# [Your assignment]
Would you reproduce each line below exactly, leaving every picture out?
==== Given information ====
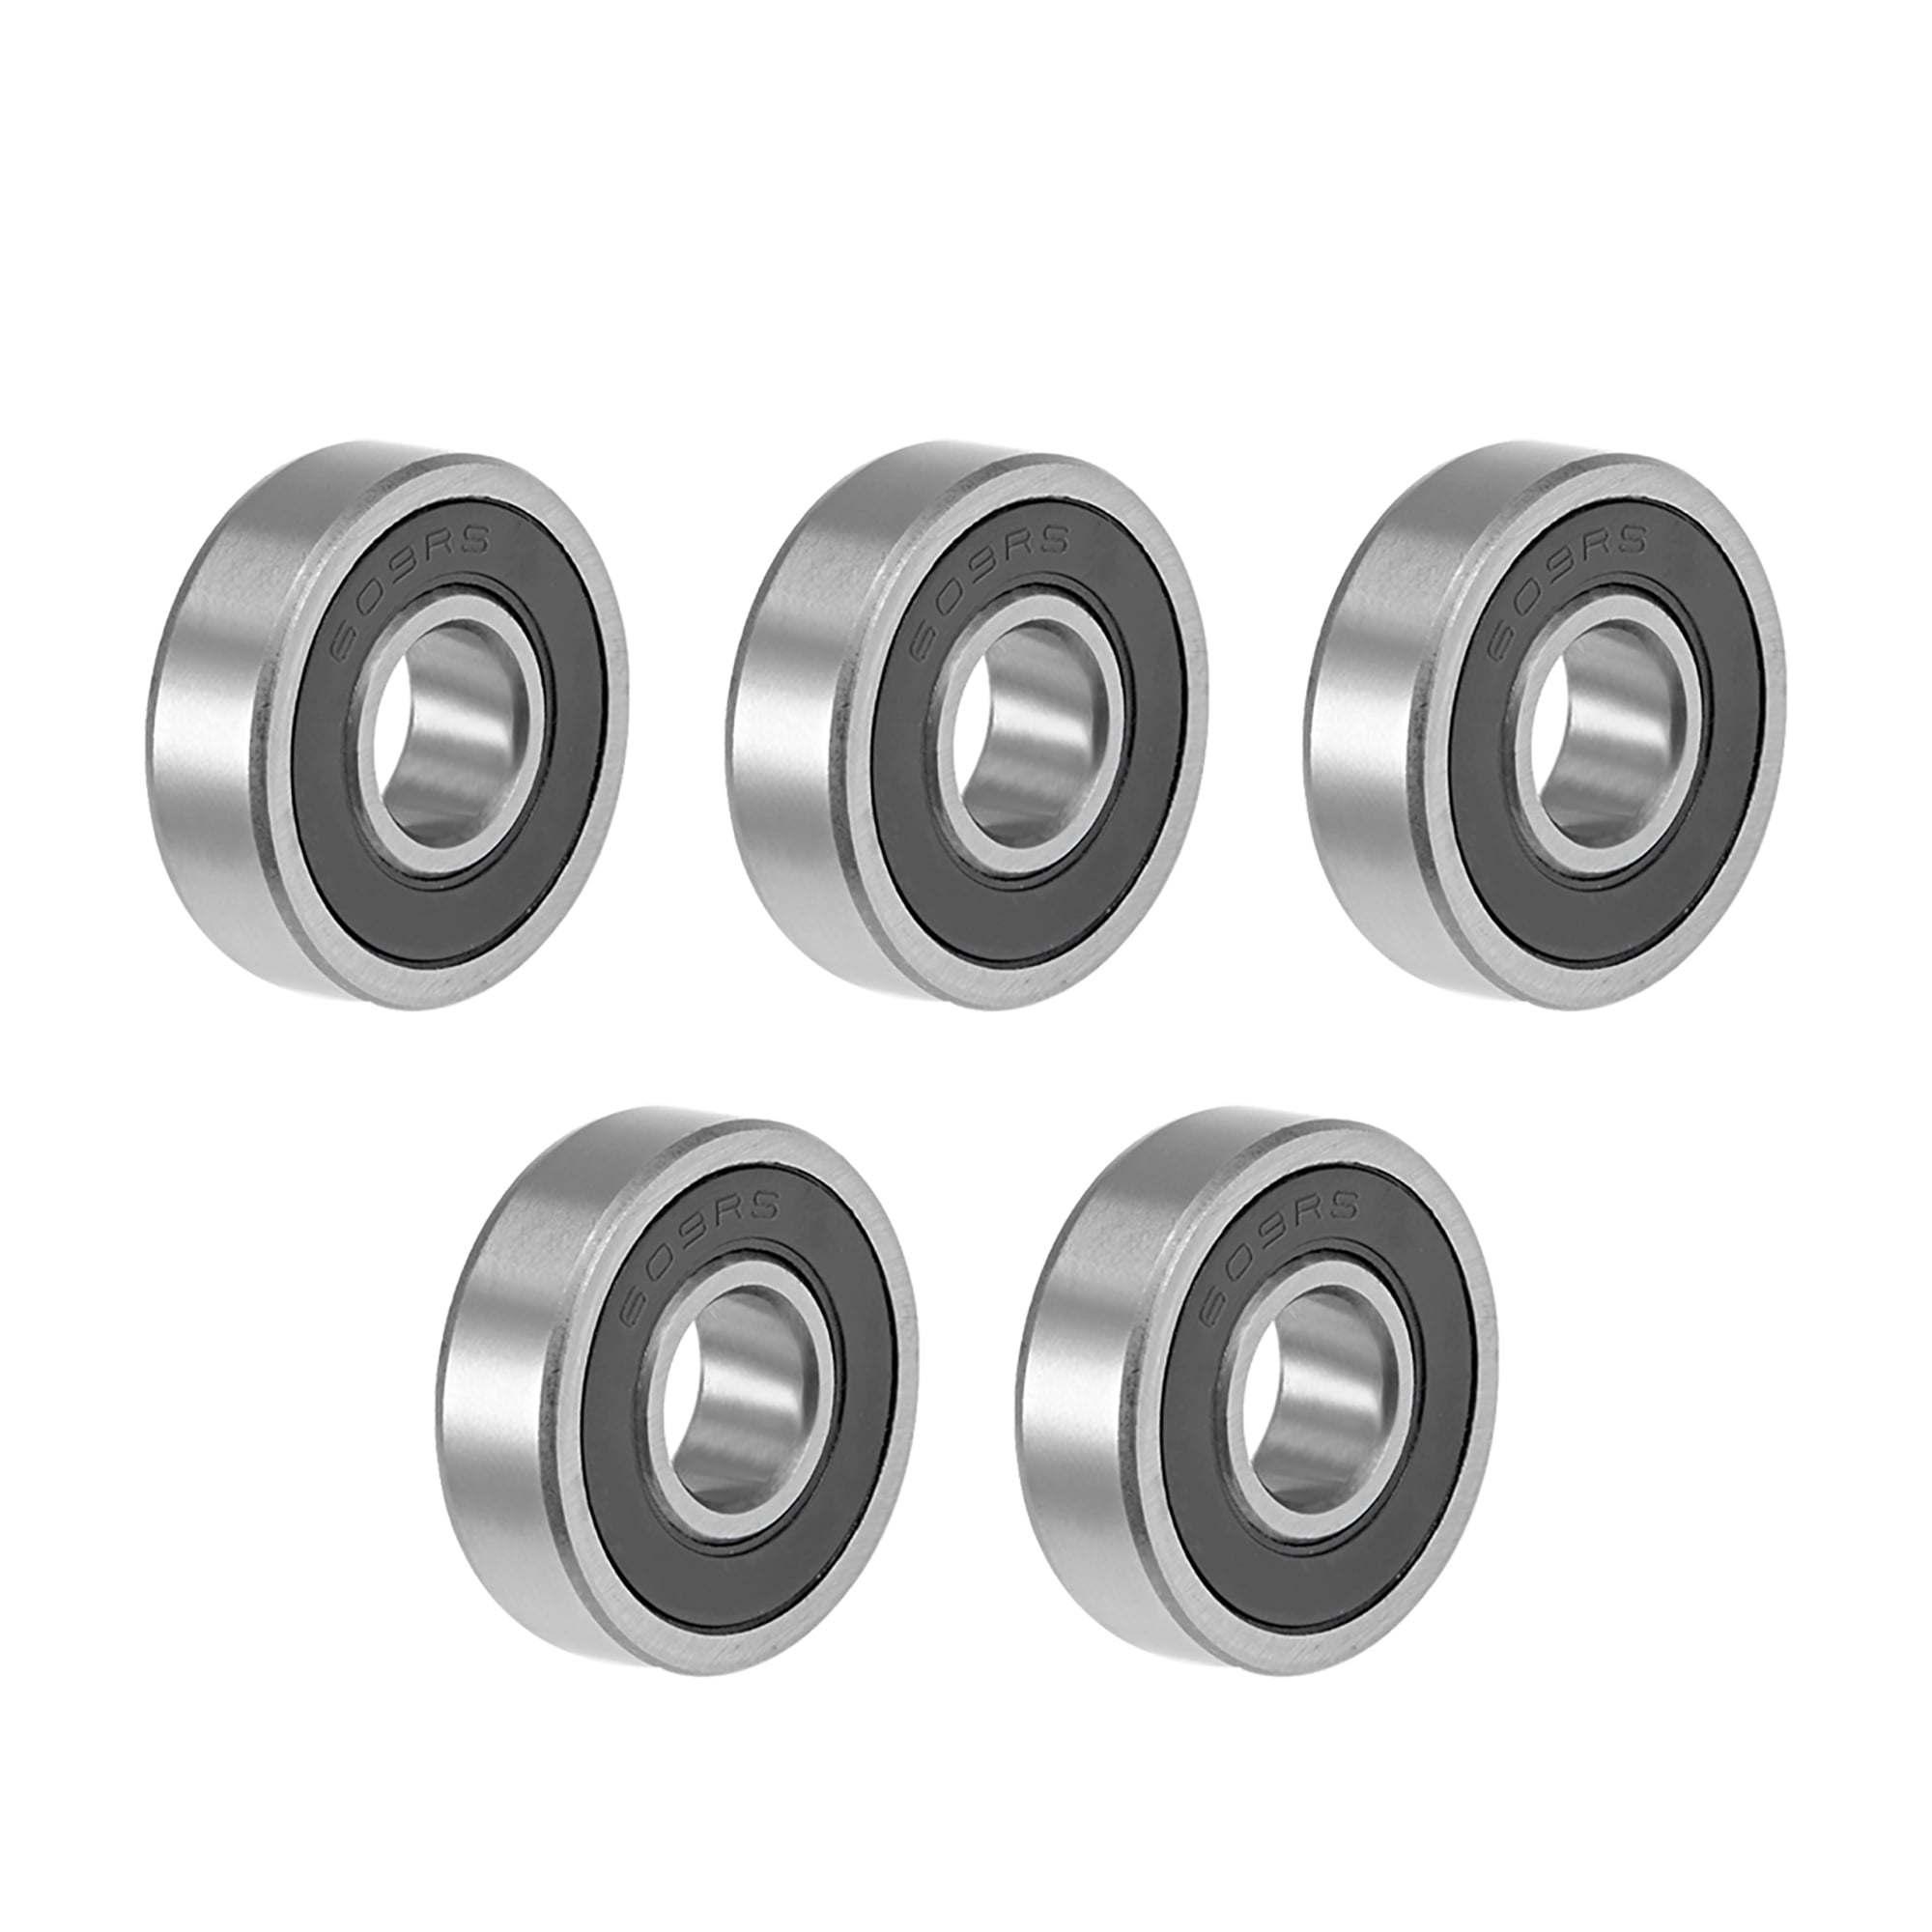 10x 606-2RS Ball Bearing 6mm x 17mm x 6mm Rubber Seal Premium RS 2RS Shielded 
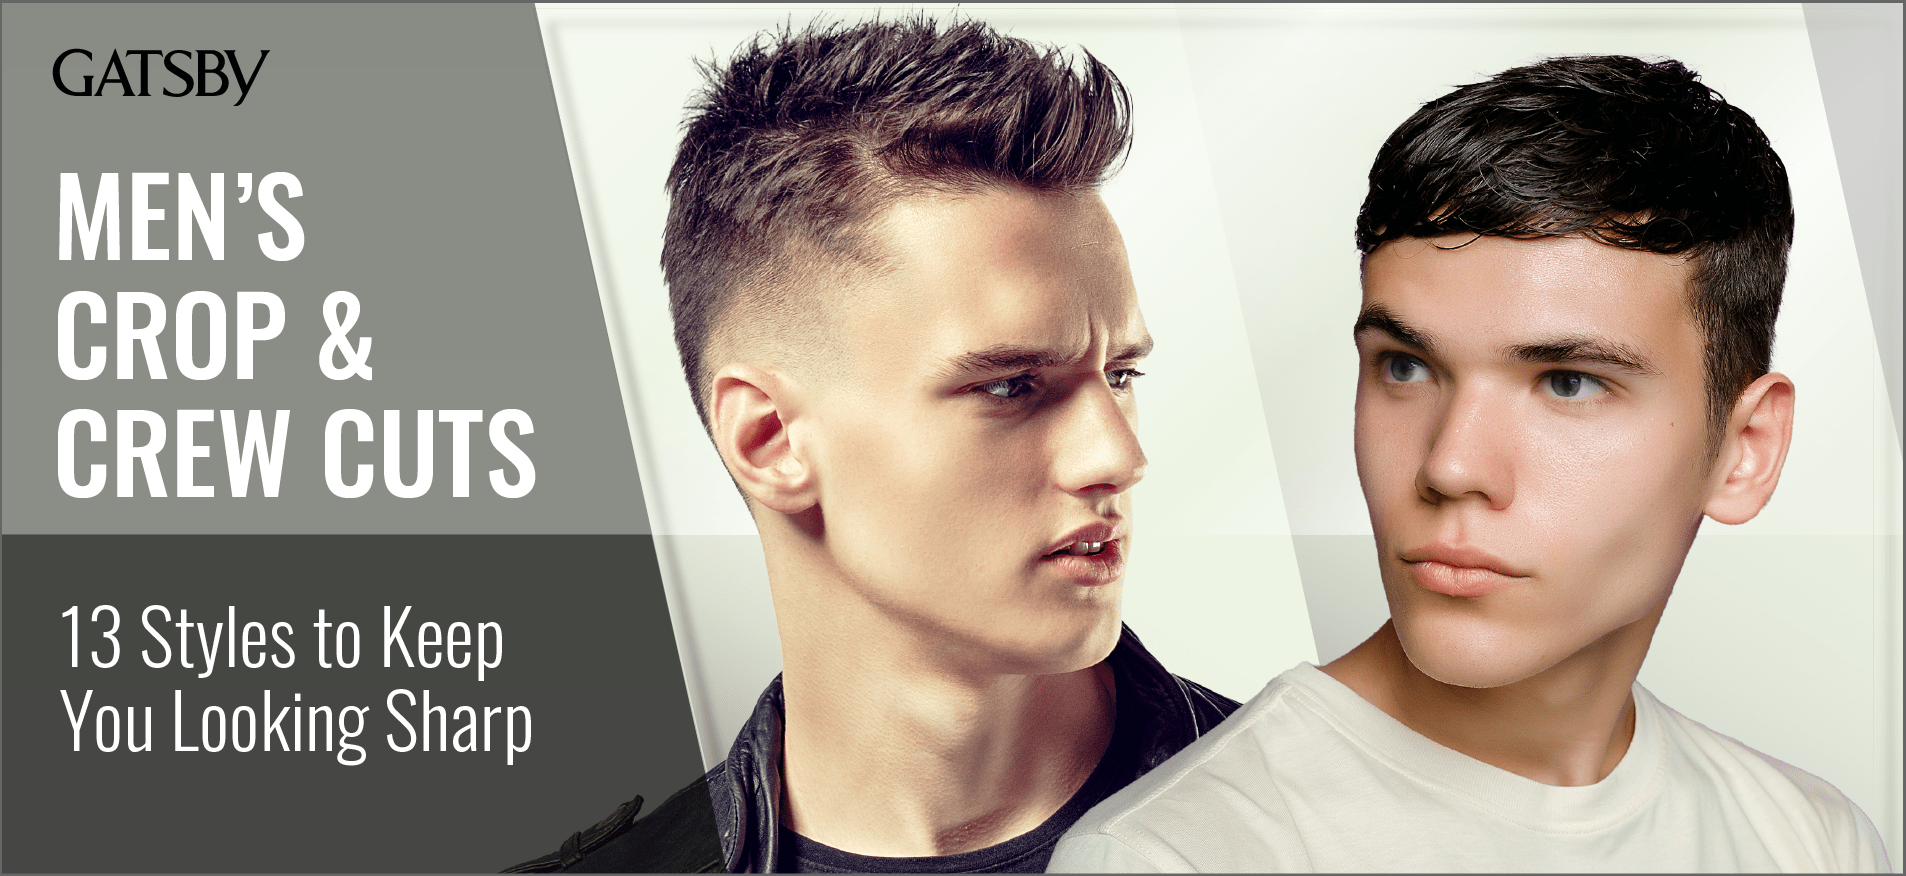 14 Best Buzz Cut Hairstyles for Men | Man of Many
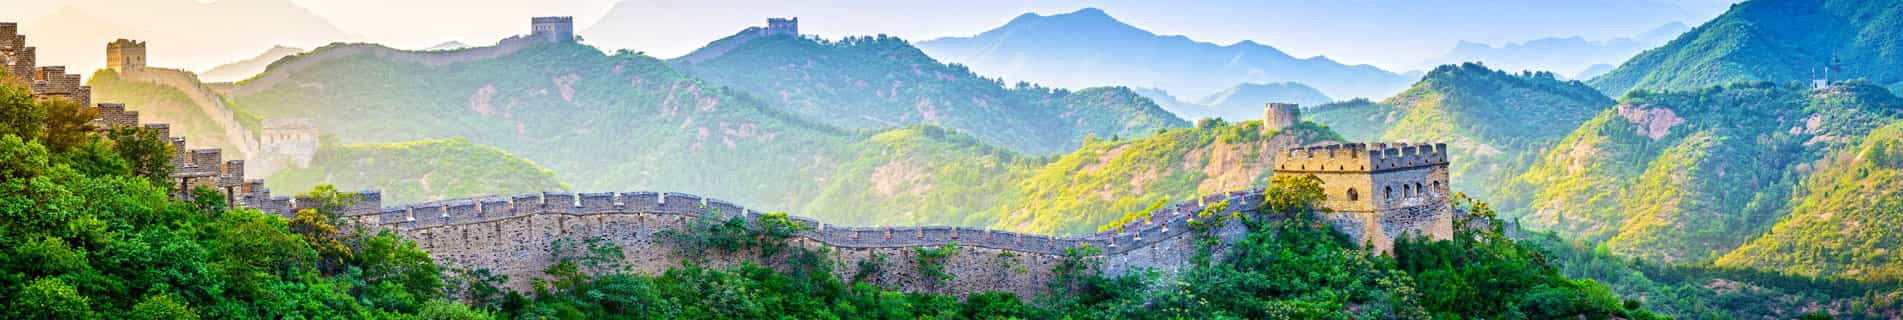 tourist attractions in the great wall of china
====
# [Written answer]
 10x 606-2RS Ball Bearing 6mm x 17mm x 6mm Rubber Seal Premium RS 2RS Shielded 
 14 Best Buzz Cut Hairstyles for Men | Man of Many
 tourist attractions in the great wall of china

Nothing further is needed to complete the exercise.